--- Data excerpt Enclosed Below ---

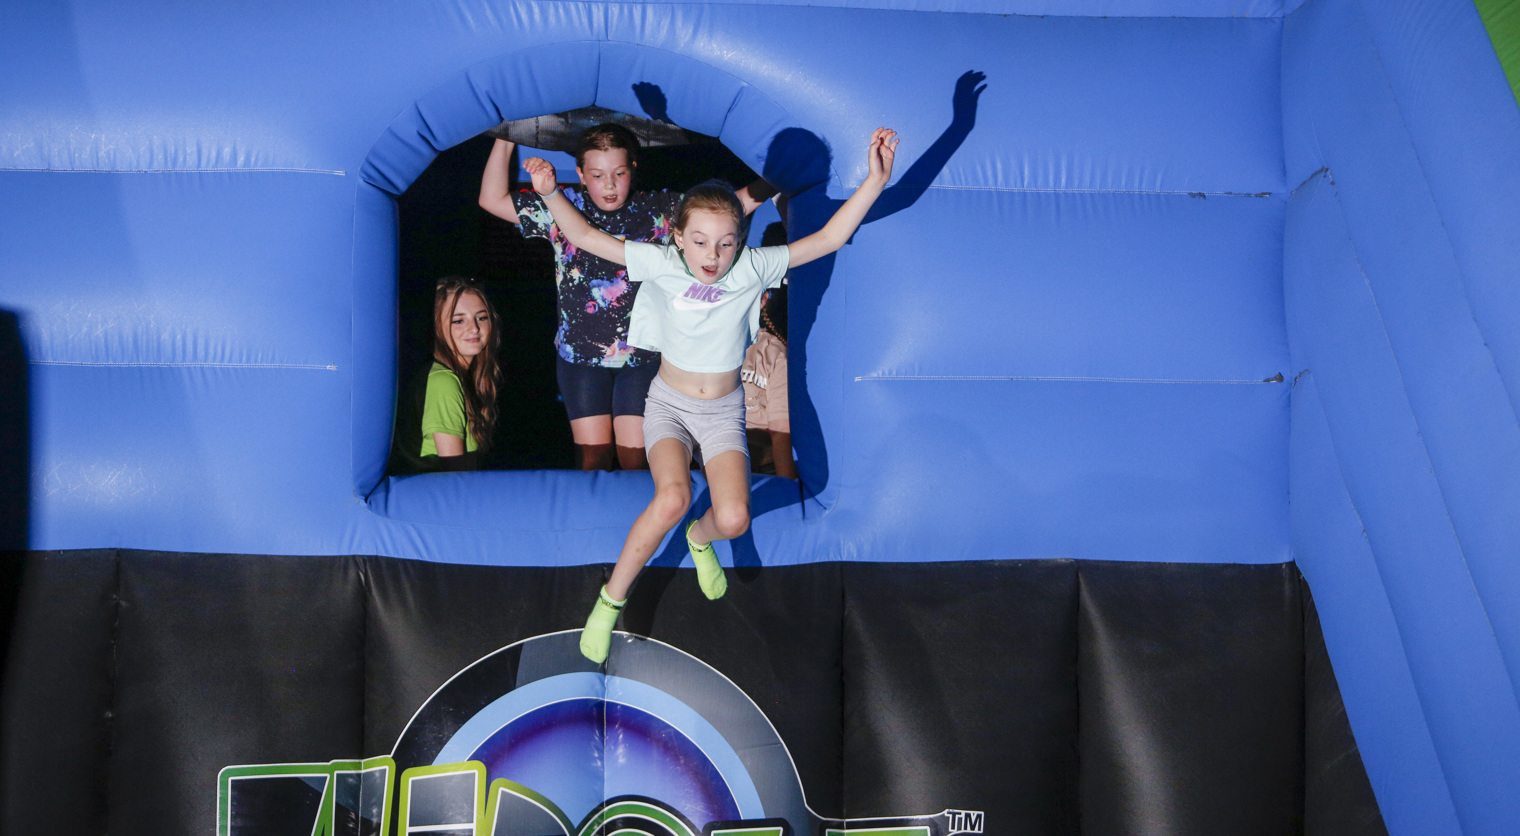 A child leaping into Free Fall on an inflatable at Flip Out UK
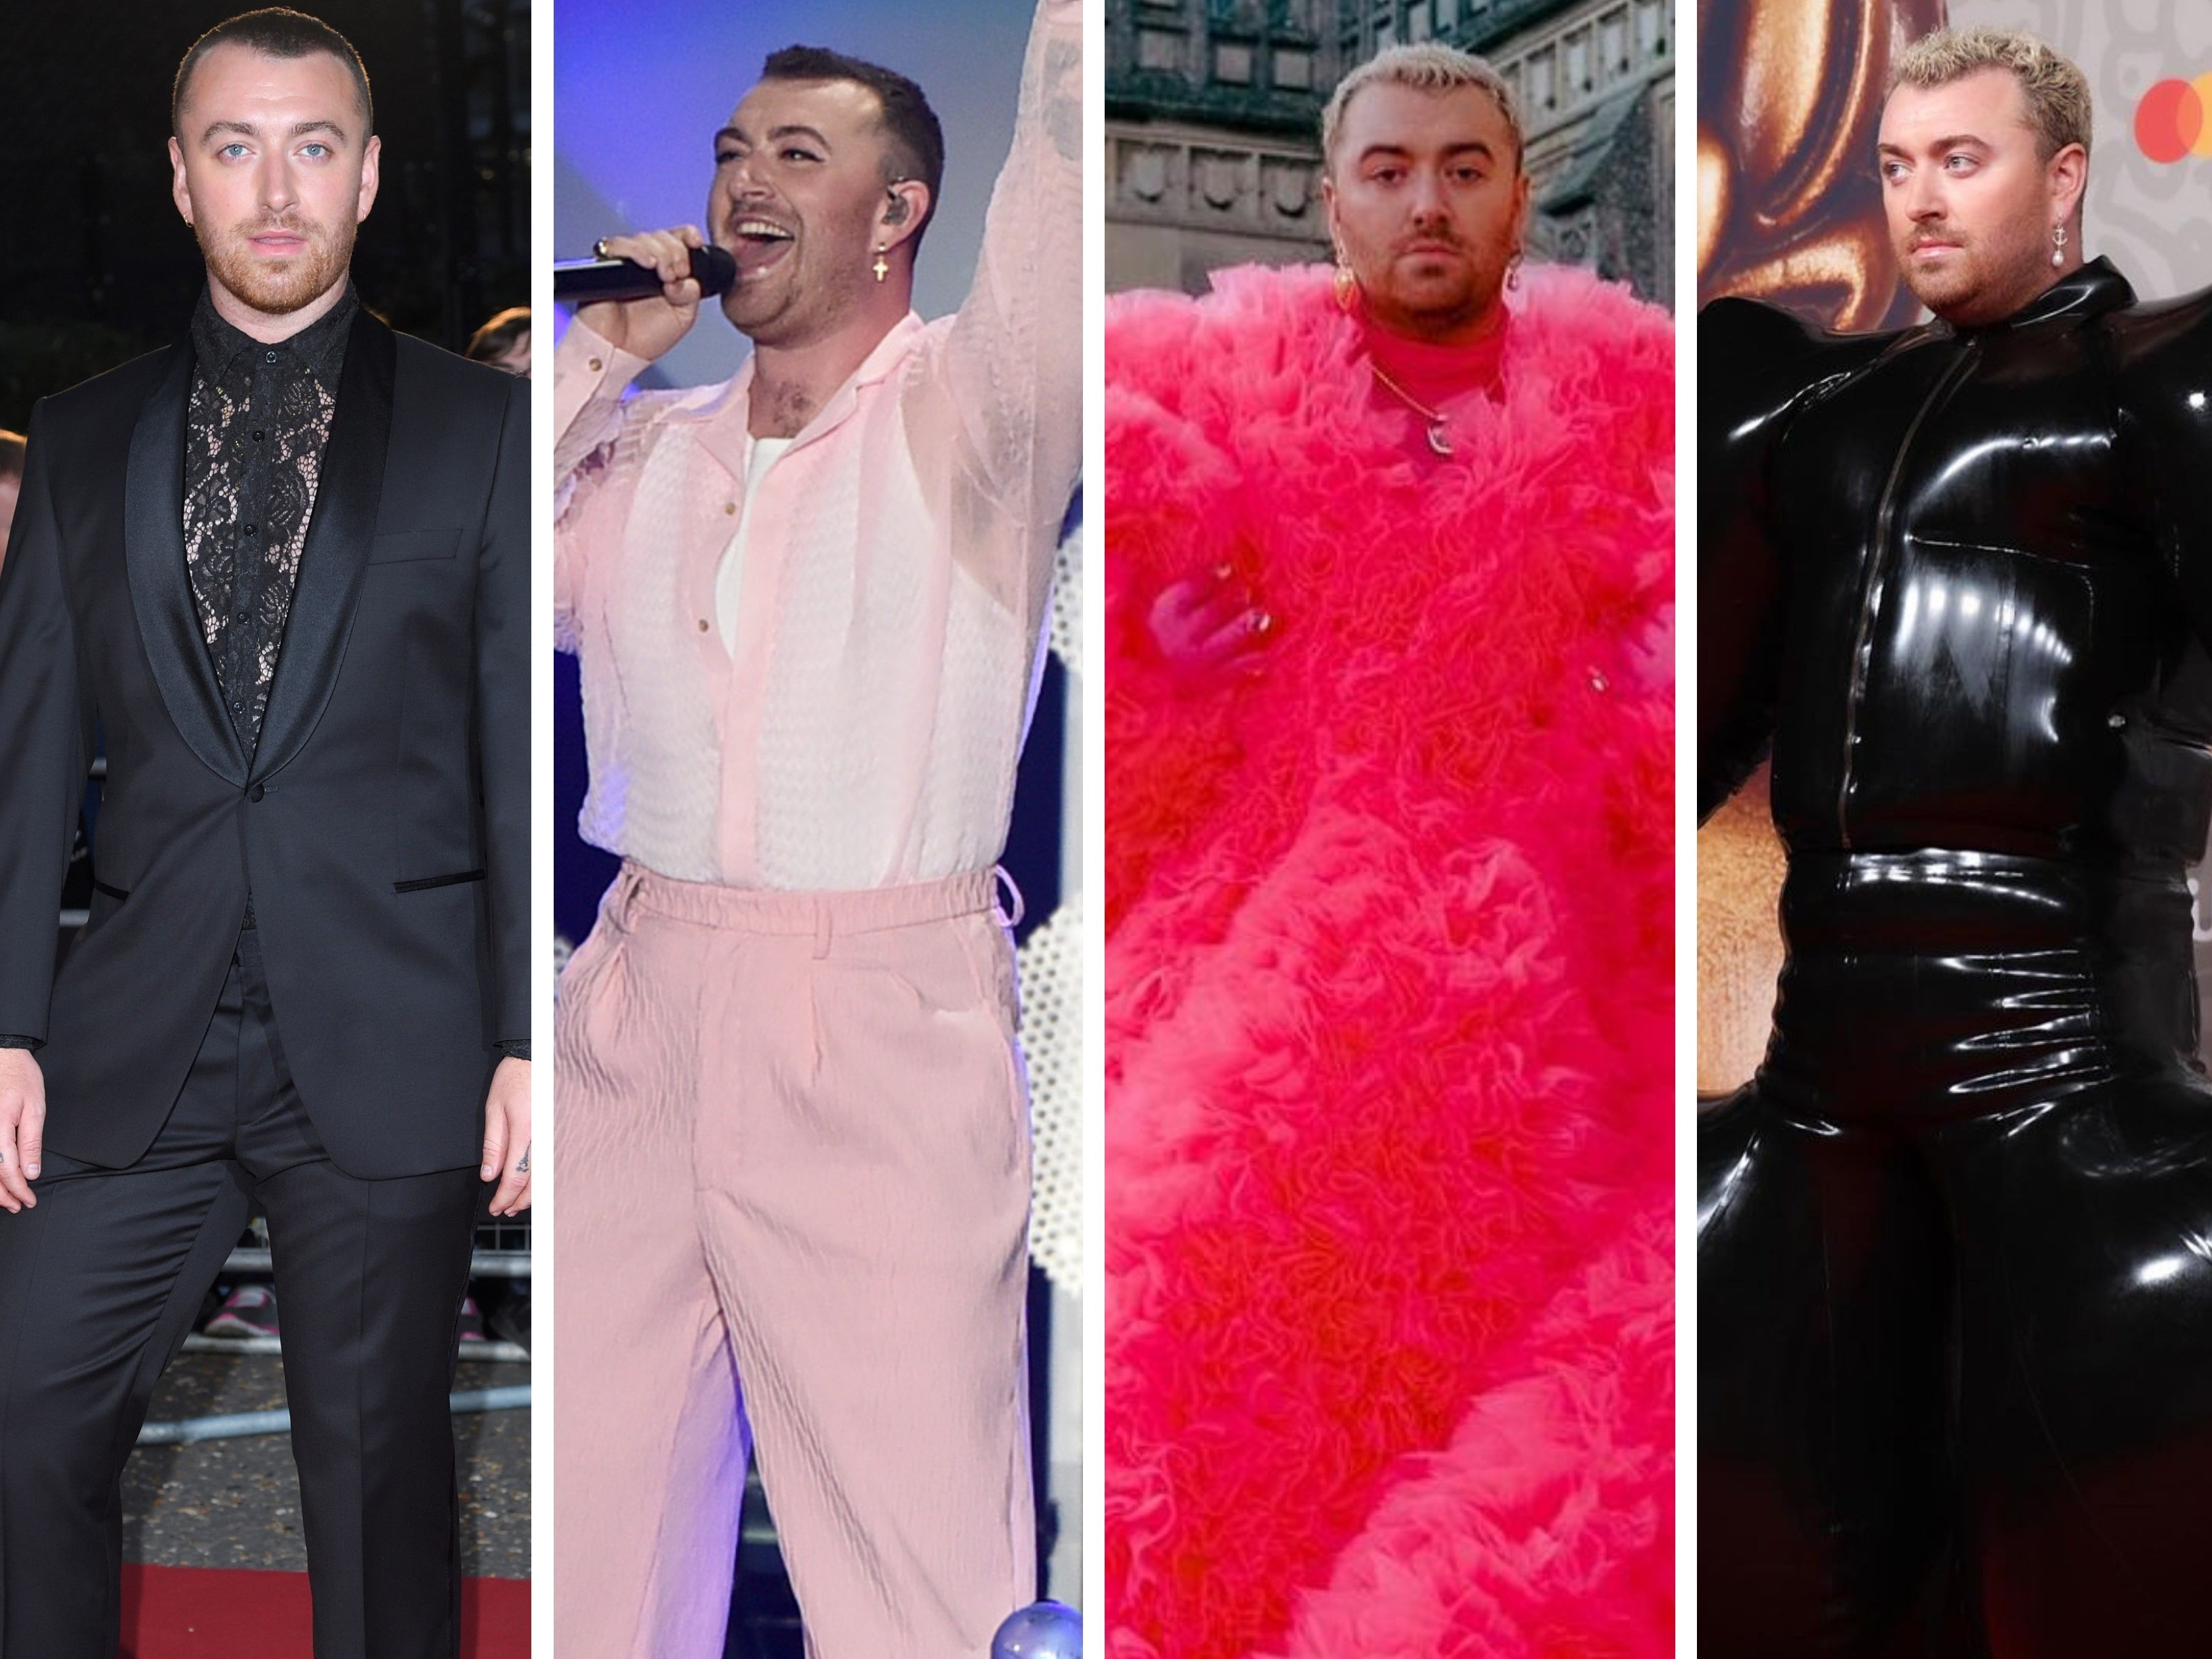 Sam Smith has donned some truly statement-making looks over the years. Photos: Getty Images
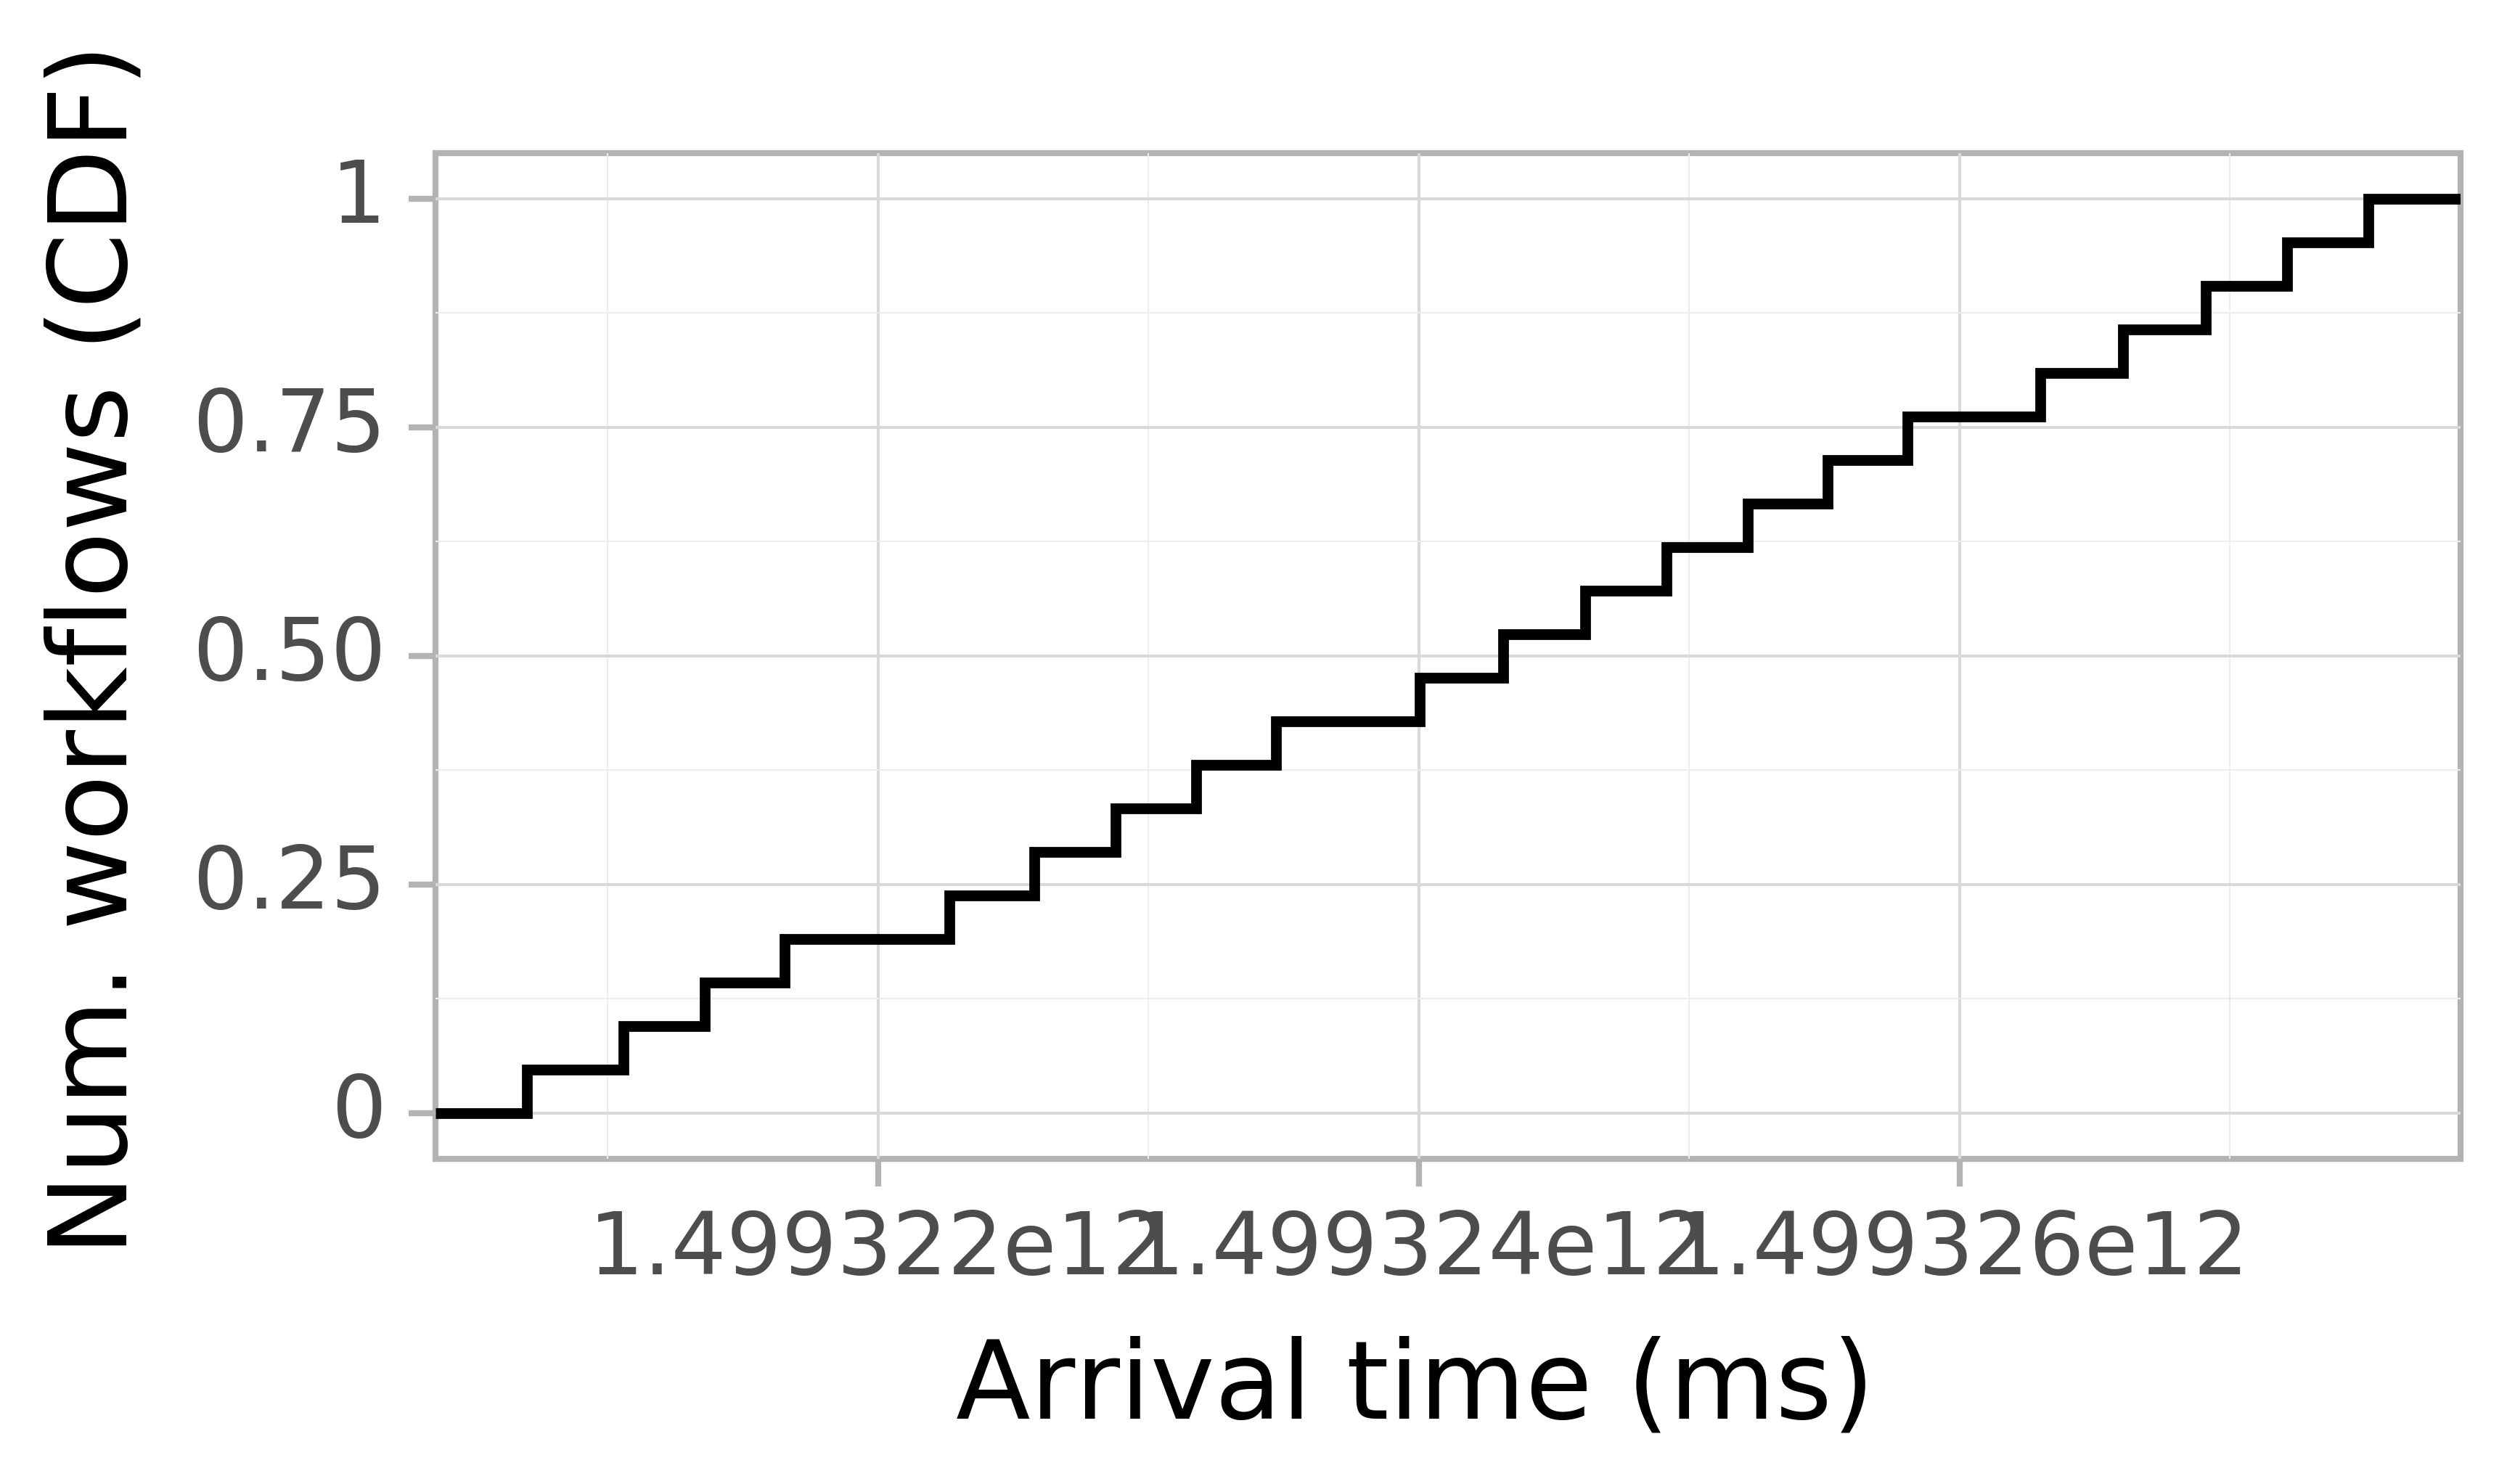 Job arrival CDF graph for the askalon-new_ee23 trace.

--- End of Enclosed Data excerpt ---

Task to carry out: Excluding pictures, reproduce the listing above exactly as it stands.

The answer:
 A child leaping into Free Fall on an inflatable at Flip Out UK
 Sam Smith has donned some truly statement-making looks over the years. Photos: Getty Images
 Job arrival CDF graph for the askalon-new_ee23 trace.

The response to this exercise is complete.